I rendimenti sovrani lungo la curva delle scadenze in Italia sono scesi negli ultimi mesi, grazie al mix di misure di BCE e Commissione UE adottate contro la crisi. Per ottenere un rendimento dell’1% bisogna adesso spostarsi sui 10 anni e per il 2% bisogna almeno arrivare ai 30 anni. Nel confronto con il resto dell’Eurozona, comunque, i livelli italiani restano superiori a tutti gli altri, a parziale eccezione della Grecia. Tutto bene, fino a quando non dovessimo scoprire sulla nostra pelle che i bassissimi rendimenti attualmente offerti fossero insufficienti anche solo a coprire l’inflazione.

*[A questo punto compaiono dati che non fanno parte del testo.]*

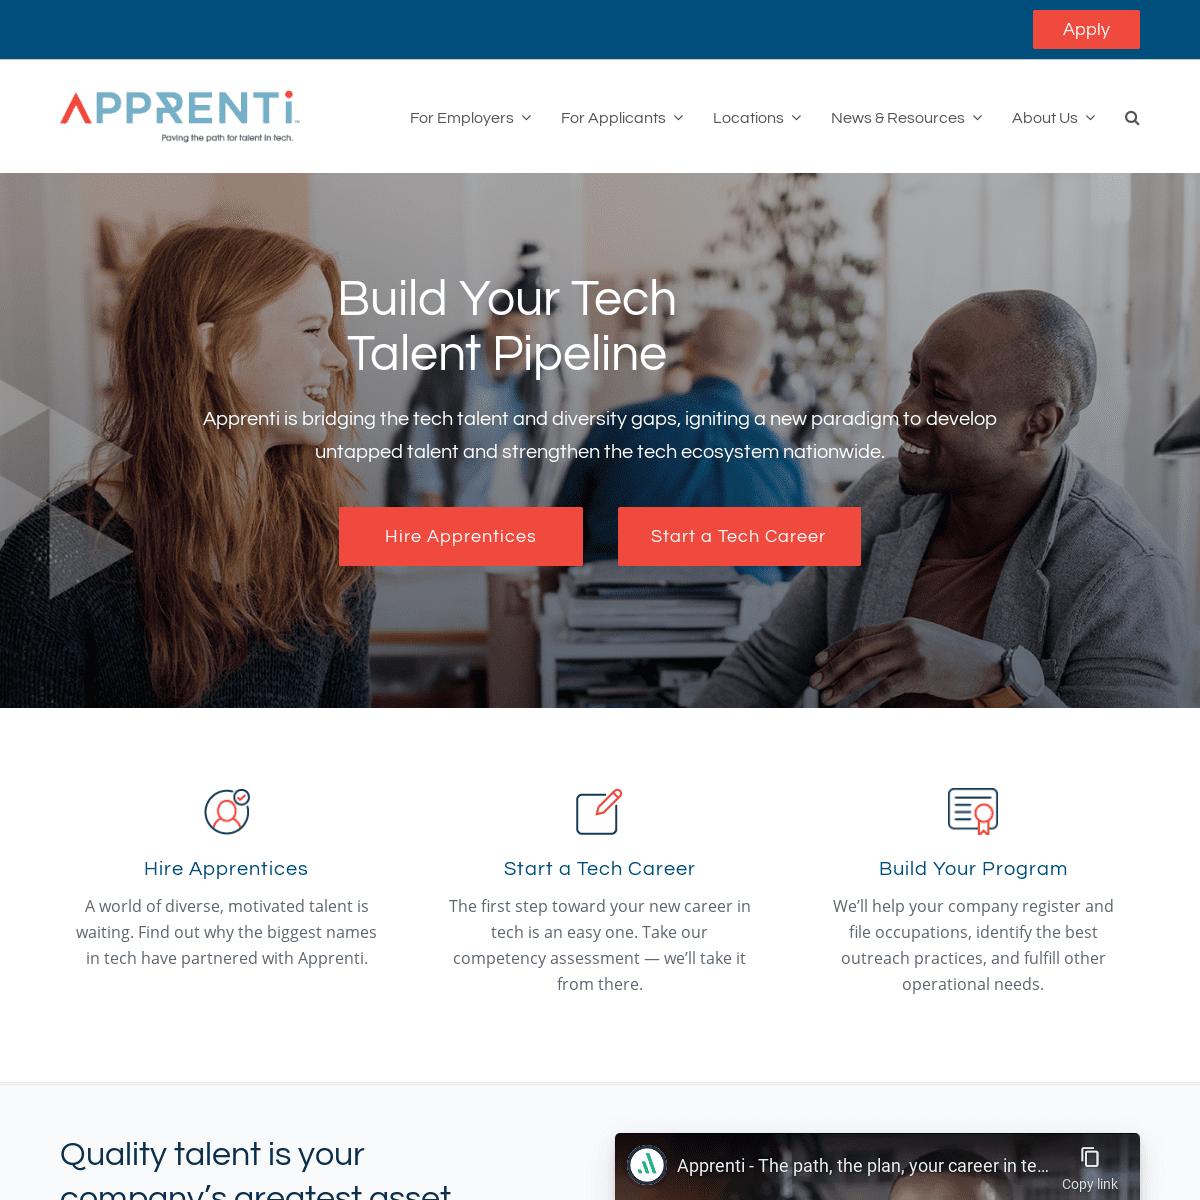 Apprenti - Hire Apprentices, Start a Tech Career

Ad oggi, la crescita dei prezzi risulta così bassa da non impensierire nessuno, ma siamo così sicuri che la loro ripresa futura non provochi qualche mal di testa?

BTp€i maggio 2030, asta di oggi buona occasione d’investimento?

Quando l’inflazione accelera, i rendimenti sovrani e corporate salgono e i prezzi scendono. Se cerchiamo di rivendere i bond prima della scadenza, subiremo una perdita e magari siamo costretti a tenere in portafoglio un asset con flussi di reddito reali negativi. Ecco perché sarebbe opportuno proteggerci con l’inserimento di una quota dedicata alle obbligazioni “inflation-linked”. Tra queste, troviamo i BTp€i maggio 2030 e cedola reale 0,40% (ISIN: IT0005387052). Ieri, il titolo prezzava sotto i 99 centesimi, offrendo un rendimento alla scadenza dello 0,52%. Esso si confronta con l’1,08% offerto nel corso della stessa seduta dal decennale con cedola fissa.

Inflazione attesa troppo bassa

Dunque, il mercato sconterebbe un’inflazione media nell’Eurozona di circa mezzo punto percentuale per i prossimi 10 anni. Parliamo di Eurozona, perché questi BTp sono indicizzati all’inflazione nell’area, non a quella italiana. Ne consegue uno scenario positivo per il caso in cui la ripresa economica dell’Italia tardasse ad arrivare rispetto al resto dell’unione monetaria, un po’ come accaduto negli anni successivi alla crisi del 2008.

Di solito, la bassa inflazione è correlata a un andamento stagnante dell’economia. Pertanto, immaginiamo che l’Italia si riprenda dopo il resto dell’Eurozona: l’inflazione tenderebbe a correre più velocemente in quest’ultima che nel nostro Paese.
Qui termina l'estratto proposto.